§ What you need to do: Each line below must be transcribed exactly, and no picture may appear in the transcription.

§ Supplied material:
== == ==

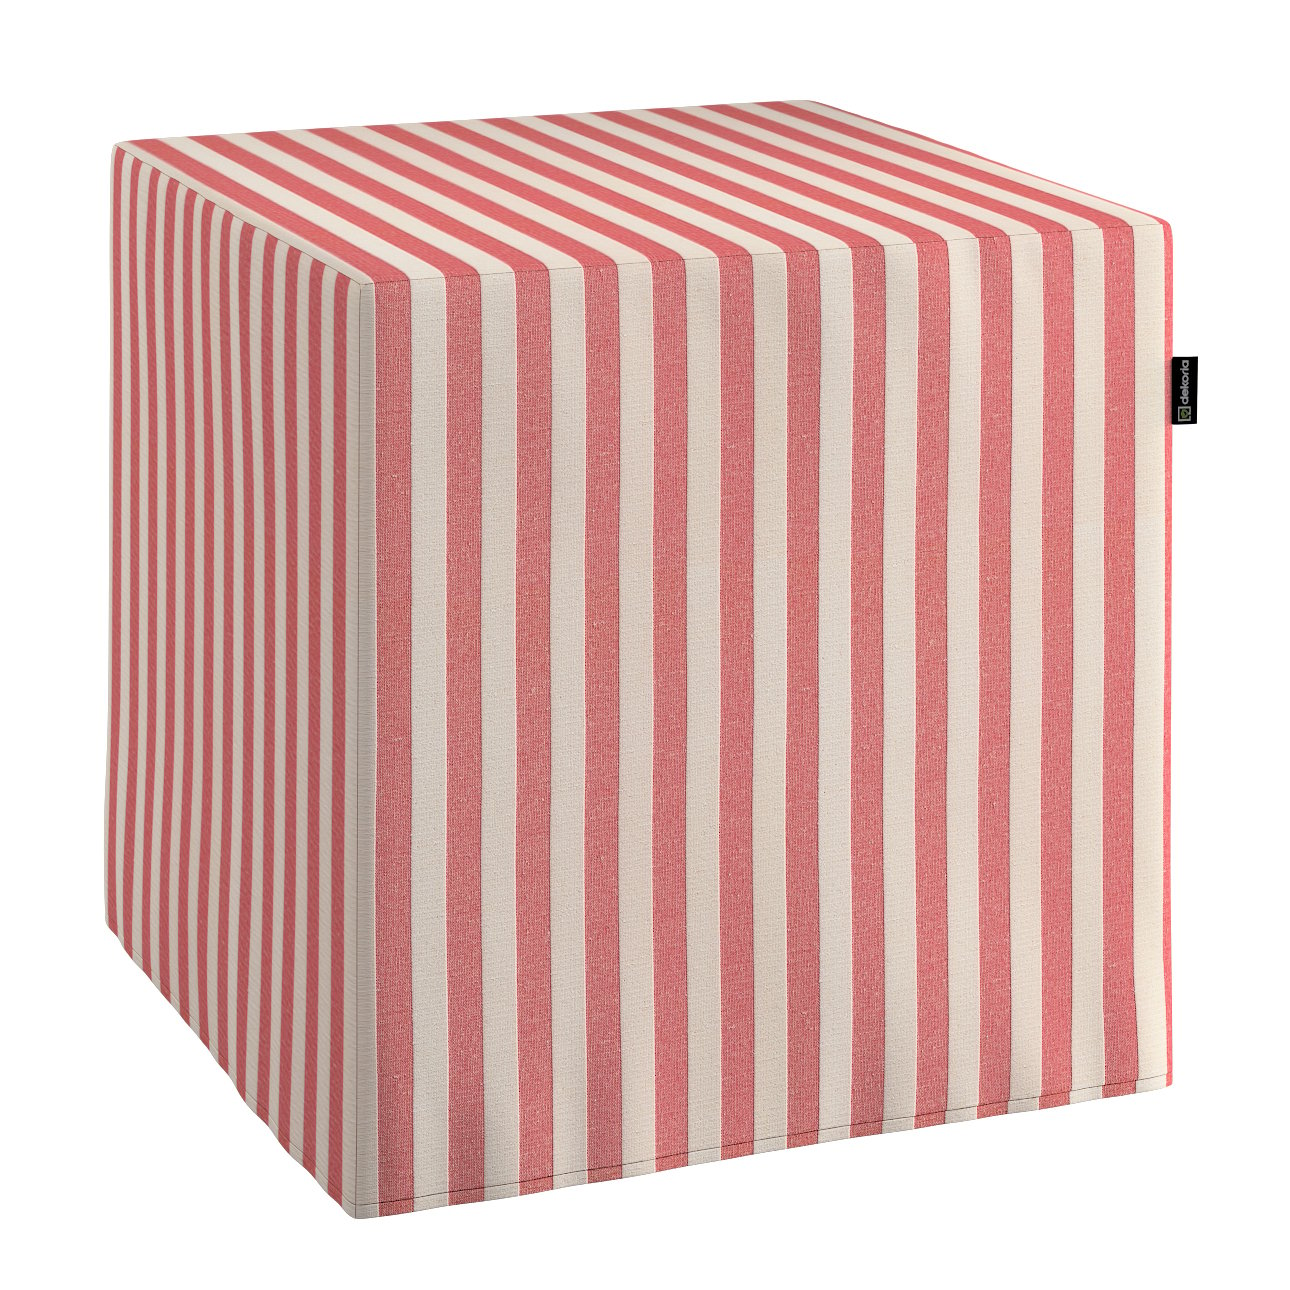 Dekoria Sedák Cube - kostka pevná 40x40x40, červeno - bílá - pruhy, 40 x 40 x 40 cm, Quadro, 136-17
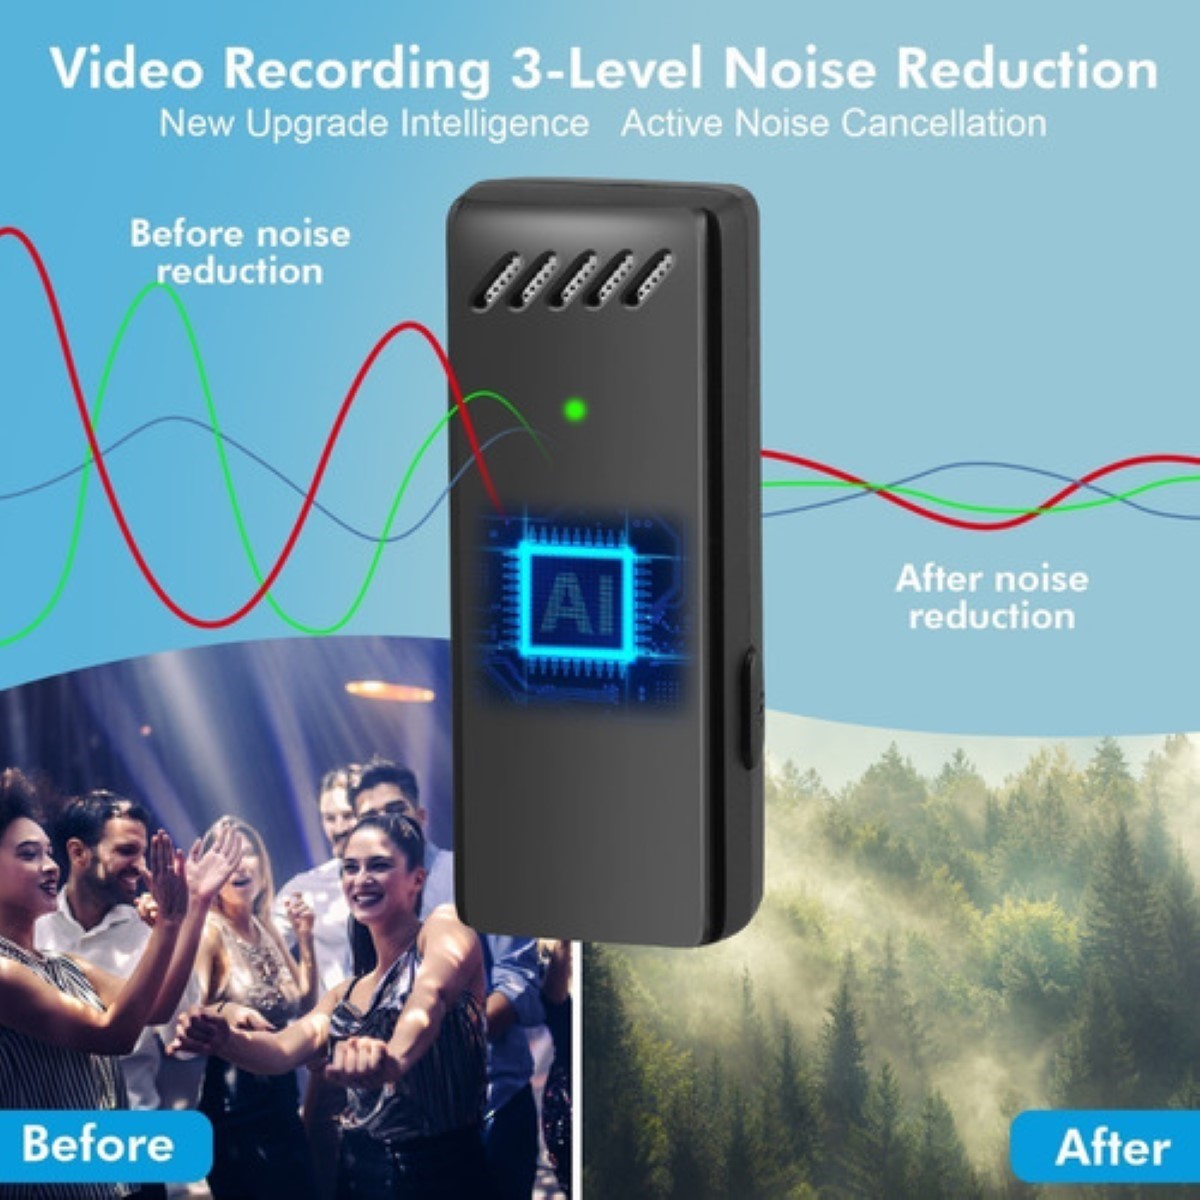 Micrófono Lavalier inalámbrico para iPhone, 2 mini micrófonos de solapa con  audio más claro para grabación de video, entrevista, vlog (negro)
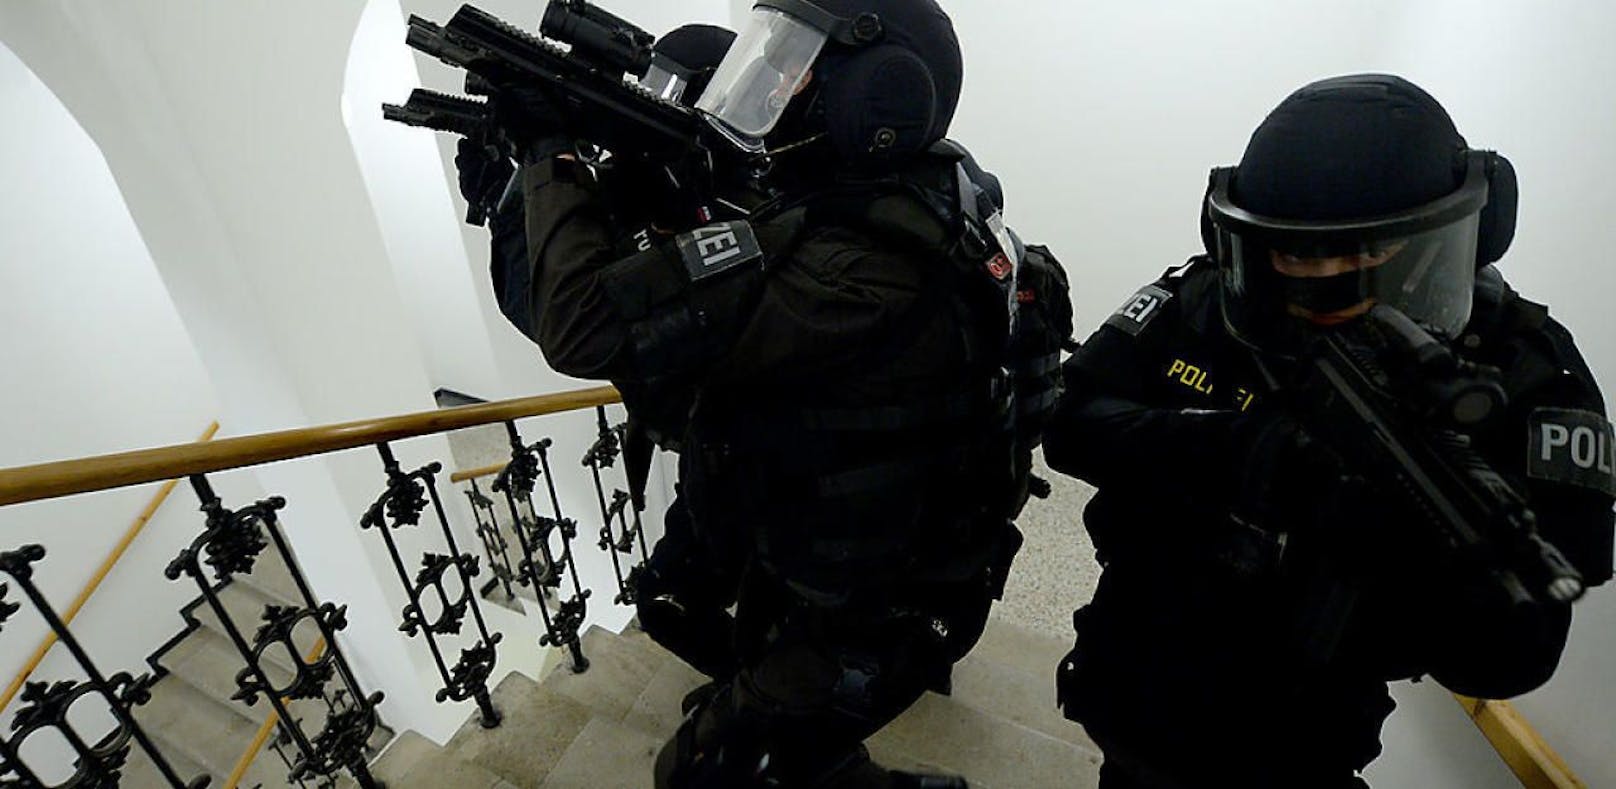 Polizisten der Sondereinheit &quot;Einsatzkommando Cobra&quot; in einer Übungssituation. (Symbolbild)

== == ==

§ Exercise output:
 Dekoria Sedák Cube - kostka pevná 40x40x40, červeno - bílá - pruhy, 40 x 40 x 40 cm, Quadro, 136-17
 Micrófono Lavalier inalámbrico para iPhone, 2 mini micrófonos de solapa con  audio más claro para grabación de video, entrevista, vlog (negro)
 Polizisten der Sondereinheit &quot;Einsatzkommando Cobra&quot; in einer Übungssituation. (Symbolbild)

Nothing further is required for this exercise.